Kearifan Teknologi
Mengapa ilmu yang sangat indah ini, yang menghemat kerja dan membuat hidup lebih mudah, hanya membawa kebahagiaan yang sangat sedikit? Ilmu yang seharusnya membebaskan kita dari pekerjaan yang melelahkan spiritual malah menjadikan manusia budak-budak mesin. Jawaban yang sederhana adalah karena kita belum lagi belajar bagaimana menggunakannya secara wajar. (Albert Einstein)
KETIKA The Little Boy dan The Fat Man, dua bom atom AS, membubungkan cendawan merah di langit Kota Hiroshima dan Nagasaki tepat 59 tahun lalu yang diperingati pekan lalu, siapa pun akan miris membayangkannya. Wajah murka teknologi tampil beringas.
Sorotnya bukan cuma telah membumihanguskan kota logistik nan cantik Hiroshima, melainkan juga menebarkan paparan radiasi tinggi kepada penduduknya. Lalu ribuan orang mati terpanggang dan terkena efek somatik-genetik radiasi pengion.
Kemanusiaan kita pasti menyesalkan tragedi itu. Namun, seberapa jauh kita bisa belajar dari peristiwa ini, menyikapi sains dan teknologi secara arif? Ini adalah pekerjaan rumah kita.
Sains dalam praksis
Pasalnya, sains telah berkembang dengan sangat pesat. Ia yang semula terikat pada spiritualitas, terus bergeser ke arah praksis. Sains yang awalnya lebih merupakan aktivitas mental primum vivere, deinde philosophari (berjuang dulu untuk hidup baru setelah itu berfalsafah) telah menjelma dalam praksis sebagai "penjelas" (explain) dan "peramal" (predict) fenomena alam.
Namun, tonggak praksis sains yang paling menonjol adalah apa yang terjadi dalam Revolusi Industri melalui penemuan mesin uap (1769) oleh James Watt. Mimpi Francis Bacon dalam bukunya The New Atlantis sebagai negara yang sarat hi-tech mewujud. Menurut Capra dalam The Turning Point, "sejak Bacon, tujuan sains berubah menjadi pengetahuan yang dihambakan untuk menguasai dan mengendalikan alam, yakni untuk tujuan-tujuan yang antiekologis" (F Capra, 1997).
Bagaimana dahsyatnya revolusi yang mengawali era modern itu digambarkan Peter Gay dalam Age of Enlightenment, bahwa betapa para pengusaha pabrik baru tanpa kekangan hukum dan etika bergerak dengan penuh kekejaman dan tanpa norma kesusilaan. Mereka mempekerjakan anak-anak selama 14, 16, atau 18 jam per hari.
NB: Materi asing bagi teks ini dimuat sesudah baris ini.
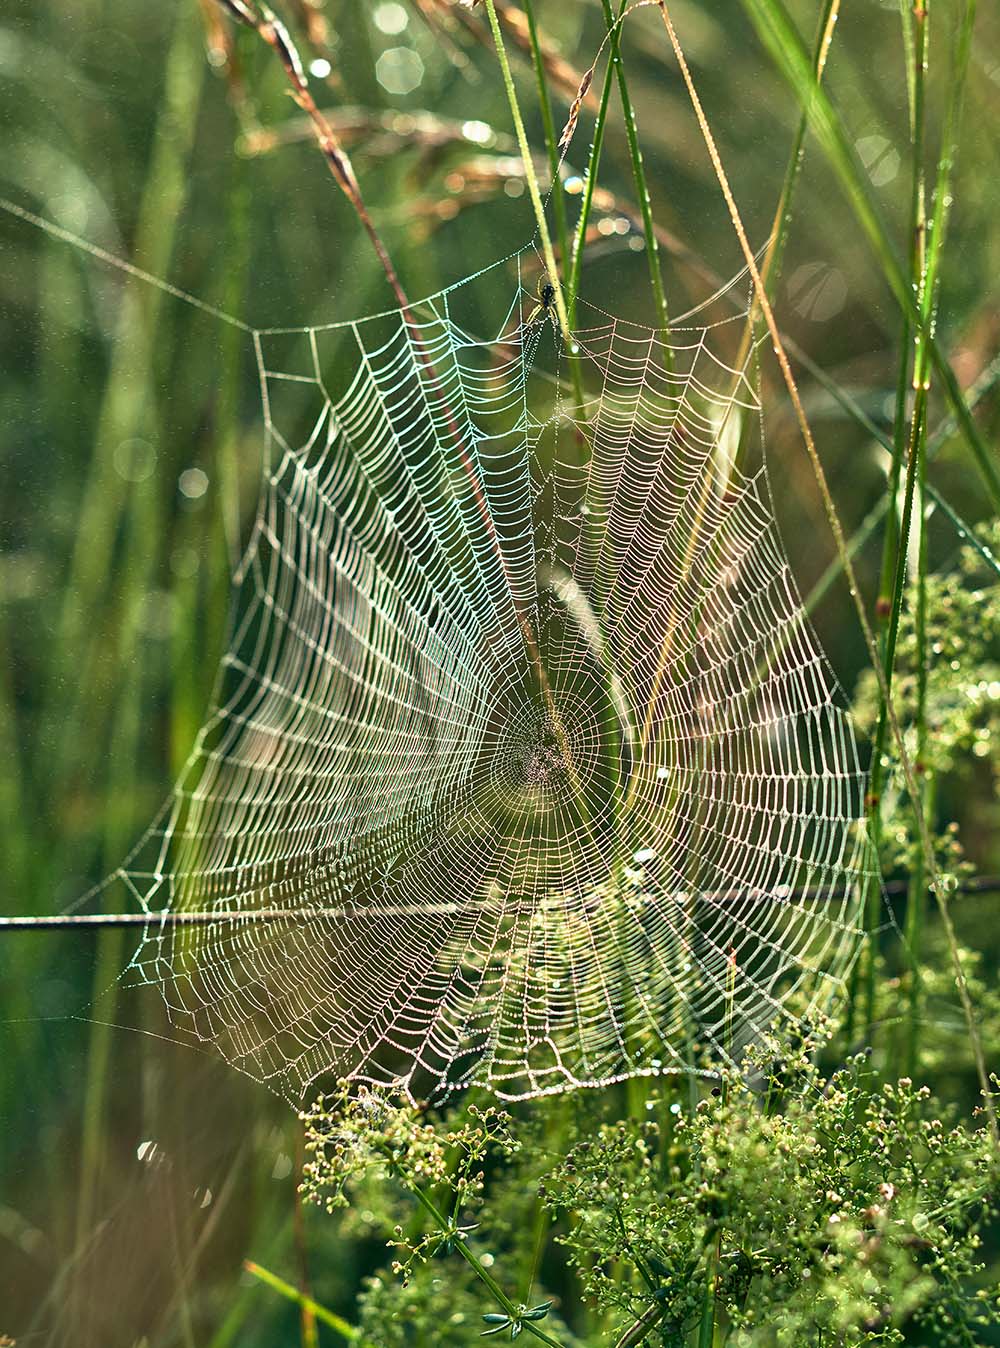  spider’s web 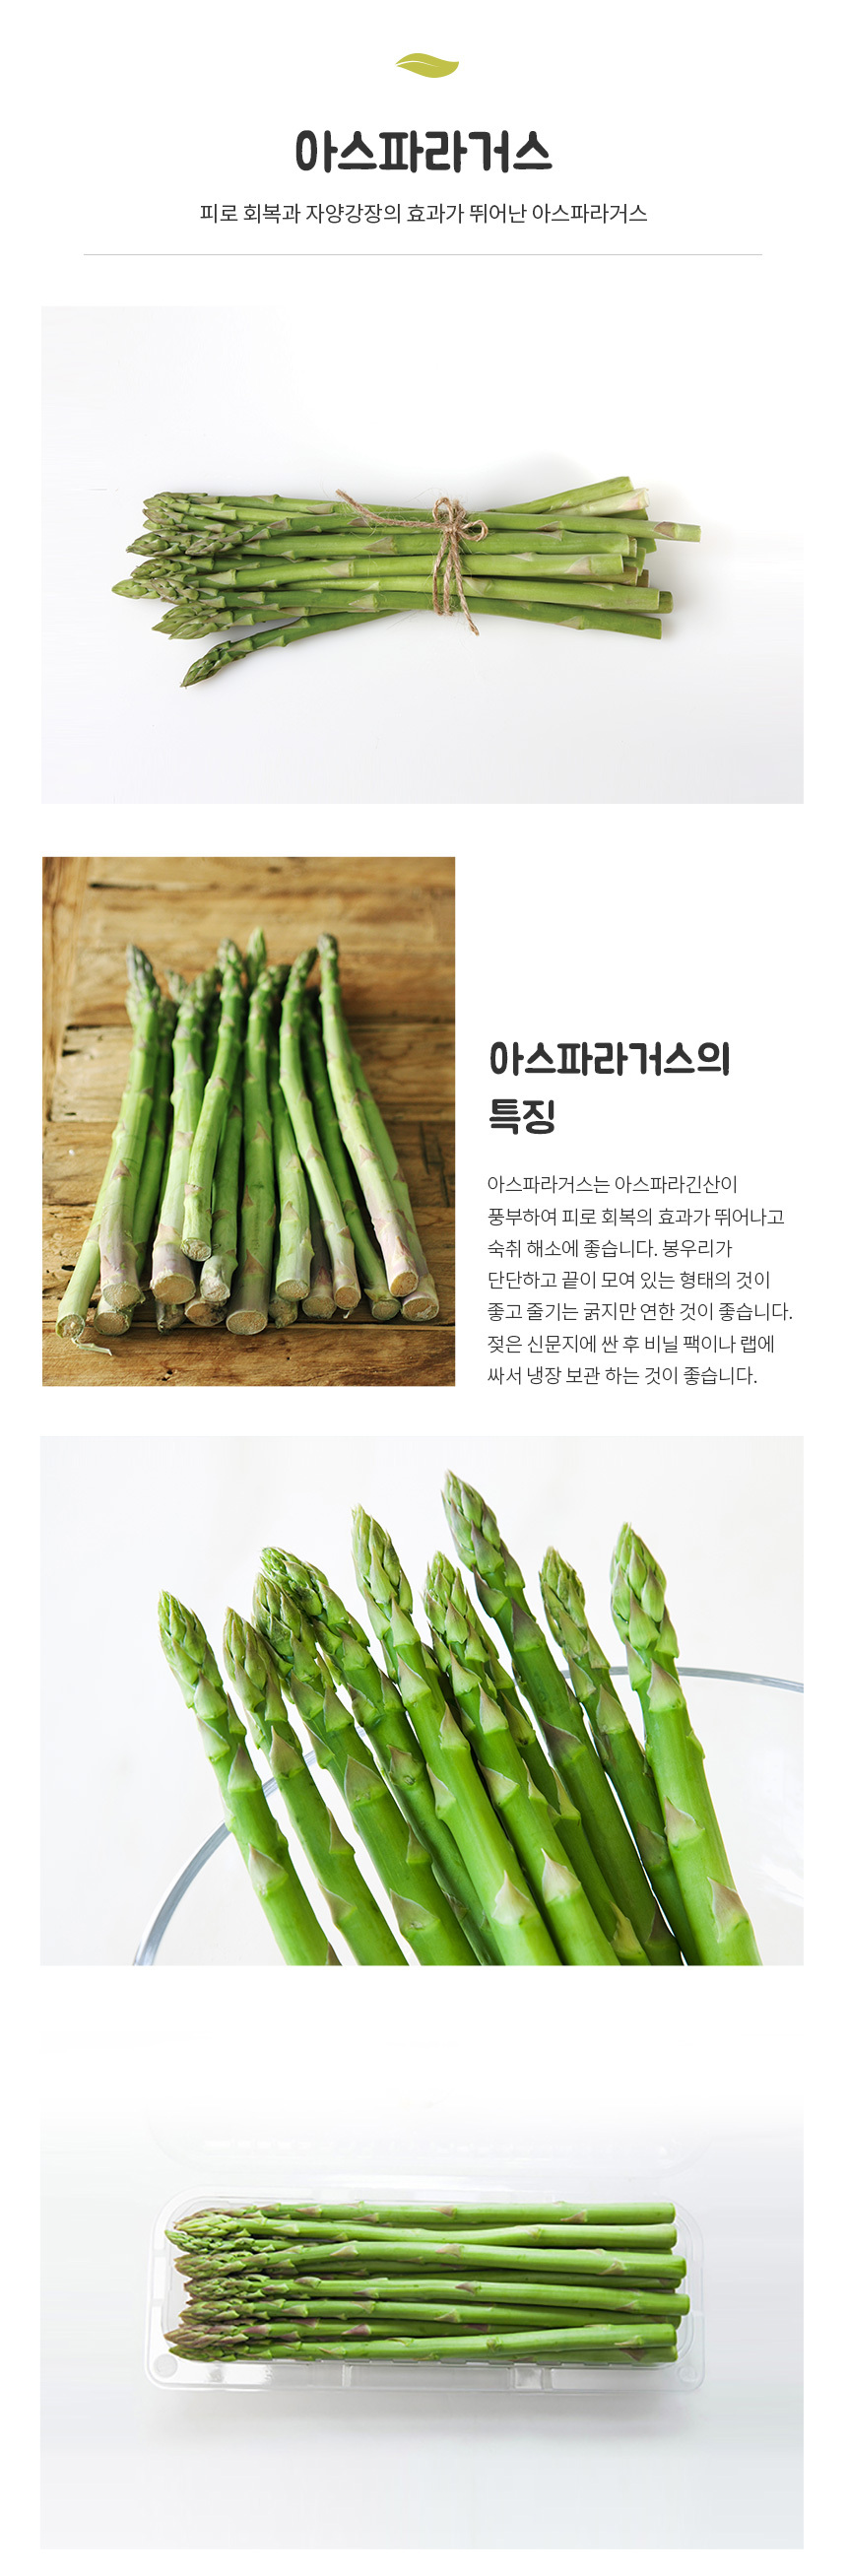 01_asparagus.jpg

Buruh terpaksa menerima peraturan-peraturan kejam, sedangkan hukuman bagi yang melanggar sangat keras dan bengis (Peter Gay, 1966).
Akhirnya gerakan Luddite pada tahun 1811 meledak dan menghancurkan mesin-mesin industri. Karenanya kenangan yang paling kuat atas masa itu bukanlah pada aplikasi sains termodinamika dan teknologi mesin uap itu sendiri, tetapi pada kenyataan bahwa James Watt telah mengubah struktur masyarakat petani dan bangsawan Inggris serta membelahnya menjadi kaum buruh-proletar dan majikan-borjuis yang saling bermusuhan, serta memunculkan tokoh sebesar Karl Marx.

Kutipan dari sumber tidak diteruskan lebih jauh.